Rice has been part of the human diet for millennia. It is actually the oldest recognized food that is common to today’s table. That is not a great surprise. It is loaded with nutrition, including a good amount of protein and complex carbohydrates. It fills a belly, offering a good substitute for modern Western diets that rely heavily on bread, potato and pasta. And in some form or another, rice can be grown just about anywhere.
In much of North America, wild rice — not actually rice, but for our purposes it is — has been cultivated since prehistoric times. While people generally associate rice growing with terraced paddies, such as in Indonesia, the contemporary food-grower in suburban America cannot really produce our own rice this way.
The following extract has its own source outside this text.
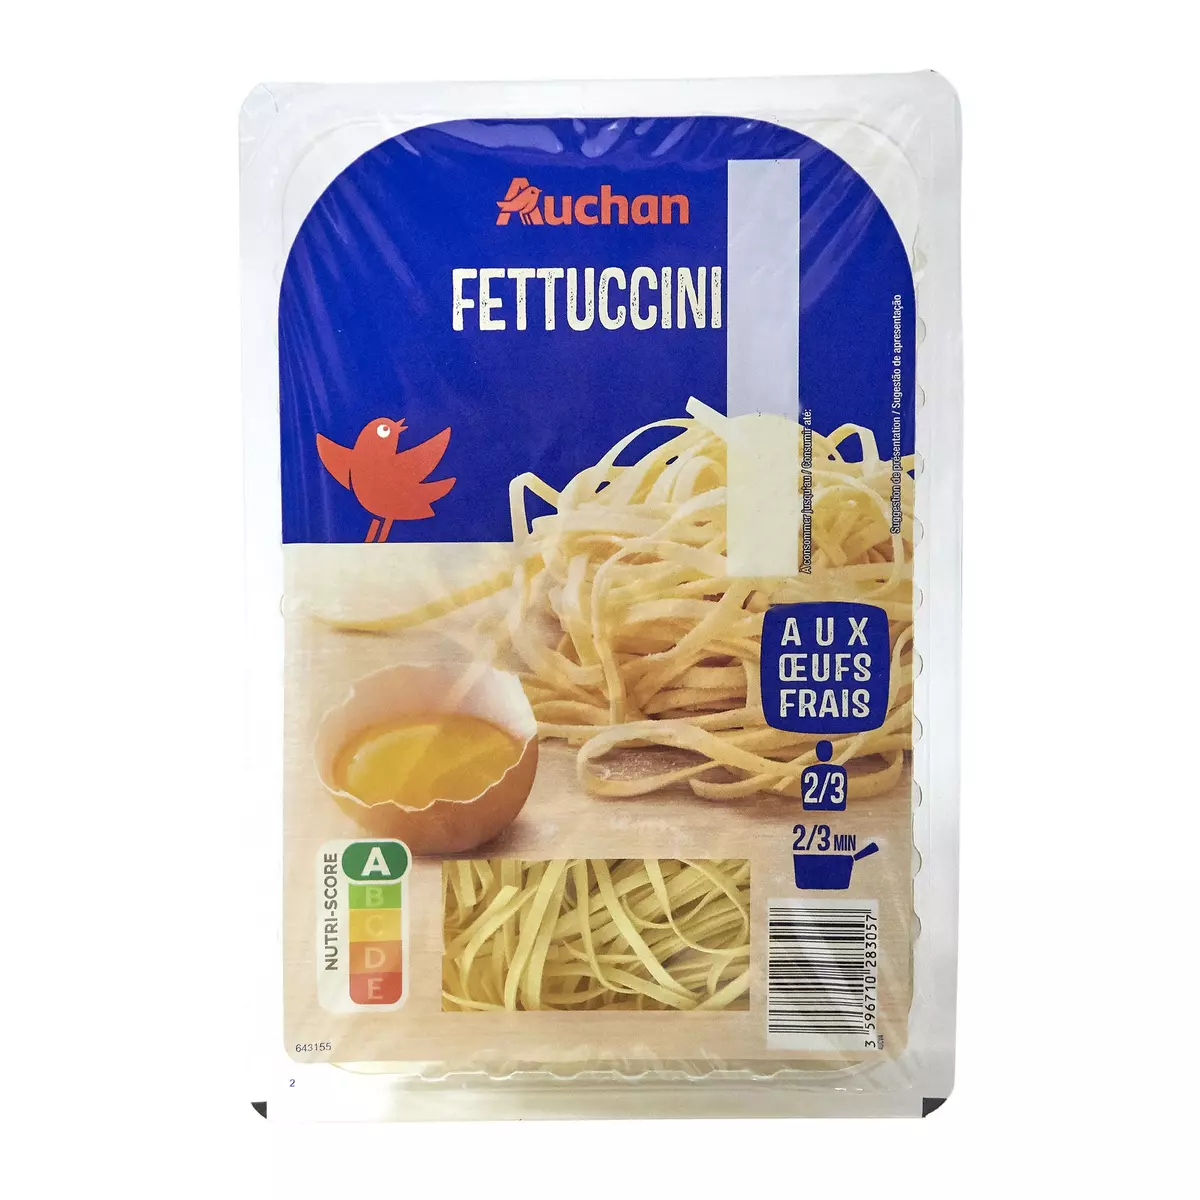 AUCHAN Fettuccini aux oeufs frais 2-3 portions 300g

However, we do have the capacity to grow some, and it is a pretty cool thing to do.
The First Step
Rice growing begins with rice seeds, and as most of us know, though we may have never cultivated rice ourselves, this is a very thirsty crop. That is why it is typically grown in flooded paddies rather than in fields, like other crops. So, not surprisingly, as is the case with many seeds, rice does best when soaked in a bowl of water before being planted.
According to an amazing reference book, The Resilient Farm and Homestead (check the library), this process lasts about a week. The seeds are rinsed at least once a day during this time and are constantly in water. Ultimately, we are looking for a radical, which is a tiny rootlet, to emerge. Once that happens, we are ready to move on.
- Rice takes a long time to mature, so in very northern climates, this process often begins indoors, before the last frost. This is because rice will not survive a frost at the beginning or the end of its life, so it needs to be harvested in early autumn before the weather hints at freezing. Wild rice is much more conducive to northern climates, and actually prefers things a bit cooler and the days a bit longer.
The Next Step
At this point, the viable rice seeds — those with a radical rootlet — can be moved into their buckets. The buckets should be filled with a good potting soil up to about five inches from the rim of the bucket. The rice seeds can then be planted about a half-inch deep in the soil — three per bucket — with a spacing of roughly six or more inches between them.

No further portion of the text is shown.